海外では、地域のクラブチームや文化サークルなどが、第三の居場所として機能している。子どもだけではなく、大人と一緒に活動し、多様な仲間の中で活動している。部活動とは違い、3年間毎日続けなければならないといった重圧はない。
【長野県・部活動の社会教育化】
長野県では、部活動のあり方を大きく変えようとしている。昨年11月、「朝練習は睡眠不足を招き成長に弊害がある」として原則やめるべきだとする報告書をまとめた。
また、専門外の顧問への支援や外部指導者との連携を提案している。まだ改革は道半ばある。しかし、これらの改革は、全国に部活動のあり方について論議を巻き起こし、注目を集めている。
【学校教育としての意義】
「最近、学校教育について騒がれていますが、日本の部活動は世界に誇る教育だと思いますよ」
これは、海外で出会った日本人実業家の言葉である。彼は、野球部出身であった。
私は高校教諭だったので、部活動の指導も受け持った。部活動の目的は、生徒、部、学校、地域、時代などによって違う。全国大会で優勝することを目指していても、指導者にとっては、全国大会優勝は一つの過程に過ぎない。最終目標は生徒自身の成長である。
仲間、先輩・後輩、顧問、好敵手、保護者を筆頭に応援してくださる人たちとの人間関係。苦しみ、悲しみ、怒り、そして喜び。競技を通しての実体験。これらは、いくら本を読んでも、話を聞いても得られないものである。
部活動は、学習指導要領に定められた学校教育である。スポーツや文化に親しみ,学習意欲の向上や責任感,連帯感を育て、教育課程と関連を図っていくことが求められている。そして、何より人間形成に関わる生活指導にもなっている。
【学校の内と外の垣根をなくす】
ここまで、部活動の意義と課題をみてきた。教員の負担や生徒の居場所を考えれば、長野モデルのように部活動を地域の指導者の手に委ね、社会教育として地域に開いていくことは有効である。しかし、生活指導や教育課程と連携している部活動の教育的意義も重要だ。地域の活動だったら参加しなかったかもしれないが、学校だからこそ参加したという可能性は高い。
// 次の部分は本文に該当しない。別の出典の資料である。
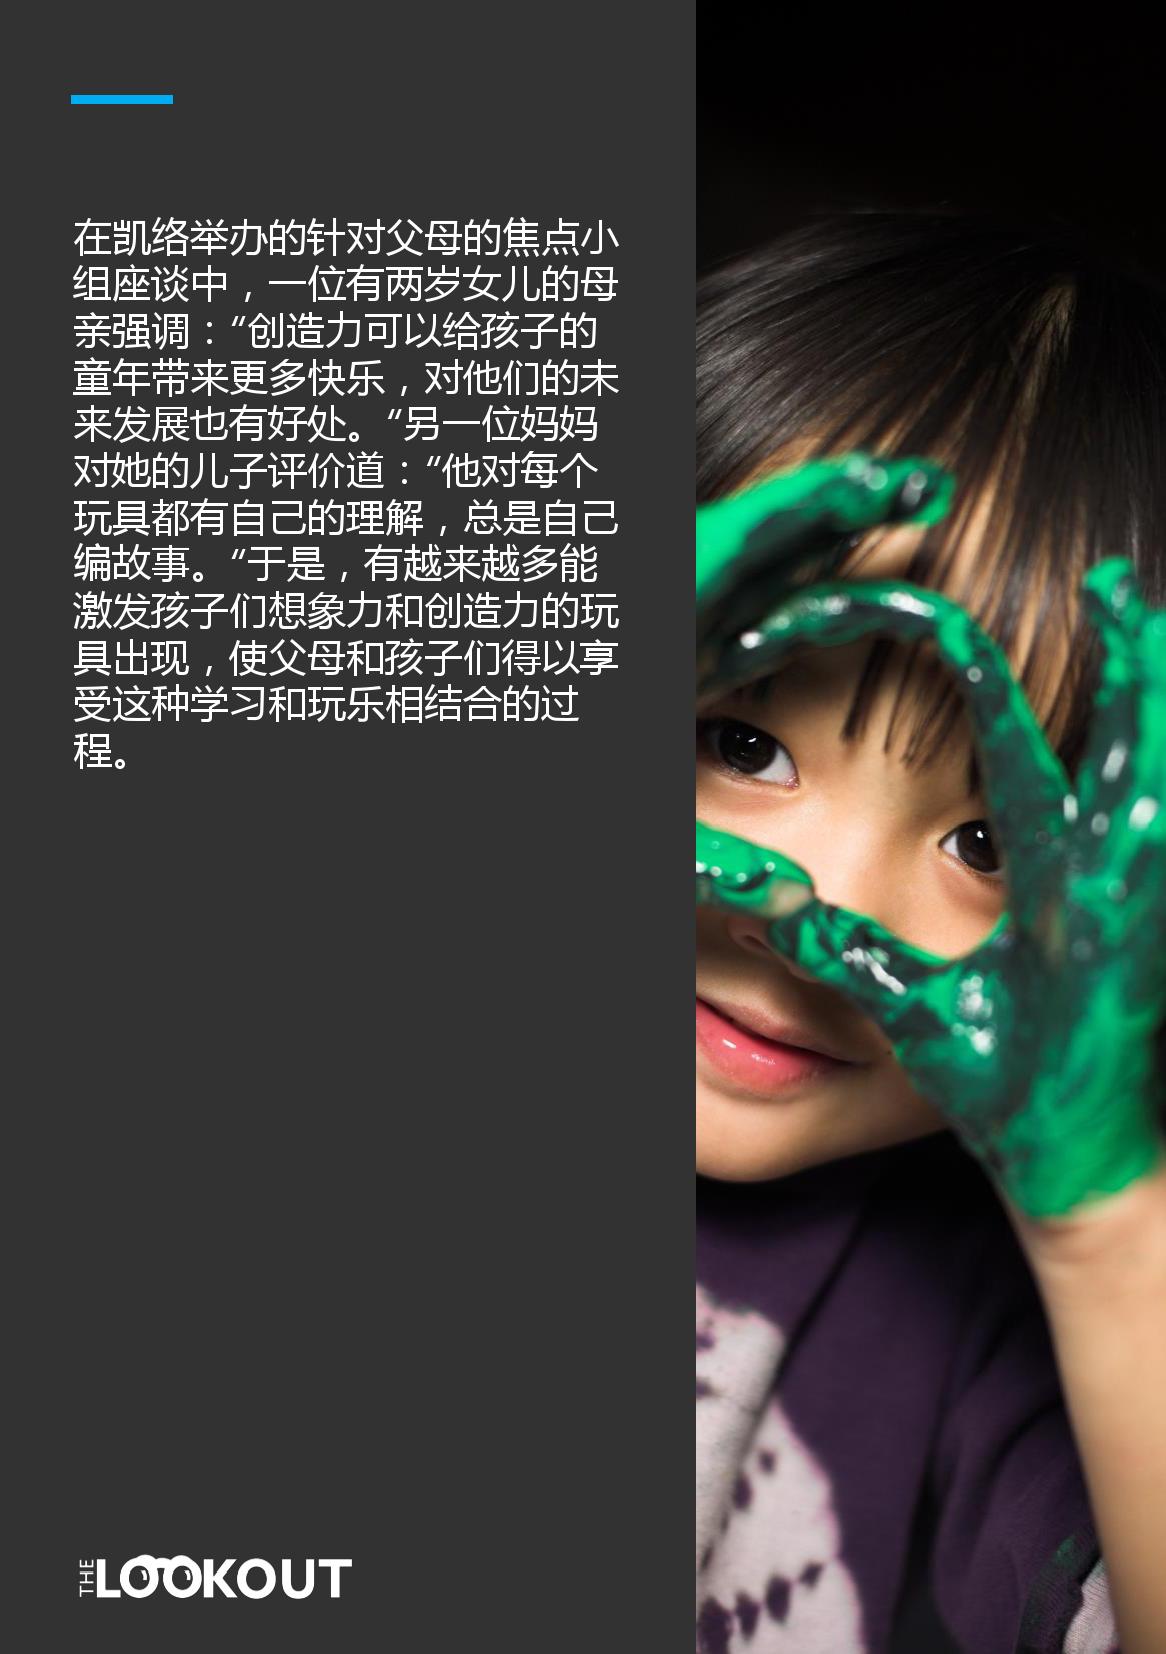 玩具的未来_000017

部活動を学校の内に置くか、外に置くかと考えるのではなく、両者の良さを活かす事例もある。たとえば、外部指導者制度では、授業や部活動の指導に学校外の人材を活用している。柏市では、約80名の外部指導者が市内40校に派遣され、学校現場では重宝がられている。それでもこの制度は、学校教育に外部の方が協力しているという形である。
学校の内や外という考えを取り払ってみよう。地域に開かれた学校のあり方を考えてくことから、部活動のあり方が見えてくるのではないだろうか。
地域の方々に部活動をサポートしてもらう。地域のスポーツクラブや文化サークルを学校に取り込み、地域の団体に学校は活動場所を提供する。たとえば、定年退職したシニアに依頼し、これまで培ってきた自身の経験や知識を生徒に伝えてもらう。すでに実践されたシニアからは、若者と接することで若返りそうだとお聞きした。これからの一つの可能性ではないかと、私は考えている。